We appreciate the wonderful charts of Bespoke Invest, which we frequently feature here.
Although in some instances, they'd seem a bit bias (especially against China).
From
Bespoke, ``One of the easy ways to see how a country is performing relative to other countries is to look at its market cap as a percentage of world market cap. In the early stages of the global rebound off of the March lows, the US rose significantly, but other countries were gaining even more. In recent months, however, the tide has turned, and the US is now outperforming the rest of the world. As shown, US stock market cap as a percentage of world market cap has been steadily rising since last November. During the 2003-2007 bull market, emerging markets and other countries really outperformed the US. If this bull market continues and the US continues to gain share, it will represent a very big trend change that will make a huge impact on portfolio performance depending on an investor's domestic versus international equity allocation."
Nevertheless, this observation is true
for today, according to
Livemint,
``Funds are being rotated to the US—a fact corroborated by EPFR Global’s report that flows into US equity funds have been positive for four straight weeks, their longest winning streak since the third quarter of 2008. The paring of overweight positions not only protects against the risk of a sharp pullback, but also leaves the door open for positive surprises."

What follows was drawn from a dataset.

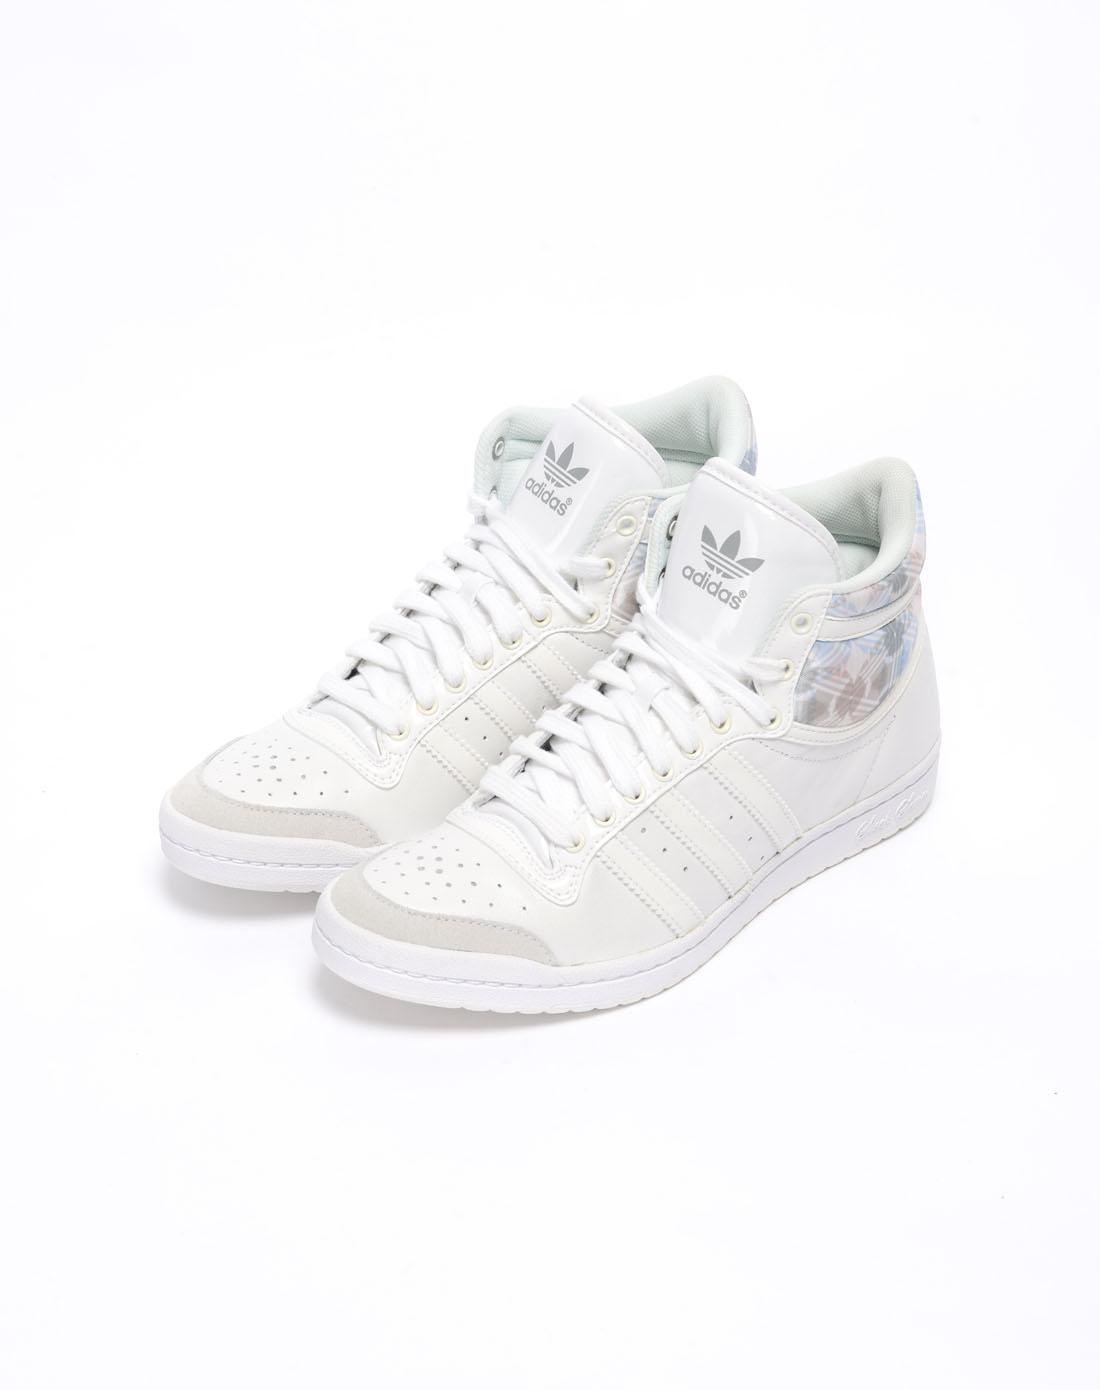 阿迪达斯adidas三叶草女士专场-女子白色复古鞋

The reason China has been down is that she has been deliberately attempting to fight her "inner" devils (a.k.a bubbles).
In contrast, the US still is in an "inflationary" mode.
To add, last year saw emerging markets including China massively outperform the US, which is the reason why the US share of global market cap declined materially.
The recent outperformance of the US relative to emerging markets seems more of hiatus than of a "longer trend".
The axiom, "no trend moves in a straight line" for emerging markets should apply here.
Besides, it is also observable that the outperformance of the US has been in sync with the strength of the US dollar index (perhaps to reflect on the fund flows).
As the US equity markets regained their share of the global market cap beginning last November, the US dollar firmed as well.
But this can be interpreted differently, the vitality of the US dollar index isn't because the USD has been technically or economically "strong", but in the instance where both the US dollar and the euro (which weighs 57.6% in the US dollar index basket) have been weak, the euro has been relatively weaker than the US, ergo the strength of the US dollar. And this is why commodities have remained resilient even in the face of a strong US dollar (where is the US dollar carry?).
This also implies that the current trends isn't likely to last because of the problems that continues to ail the US. The relative strength especially applies to Asian and emerging market currencies.
This will be amplified if the oversold euro will see a sharp bounce. And this should also be reflected on the rest of the global equity markets.
Hence, in contrast to the projection that fund flows to the US will be a long term trend that would extend US equity outperformance, we see this as a short term phenomenon. Enjoy them as it last.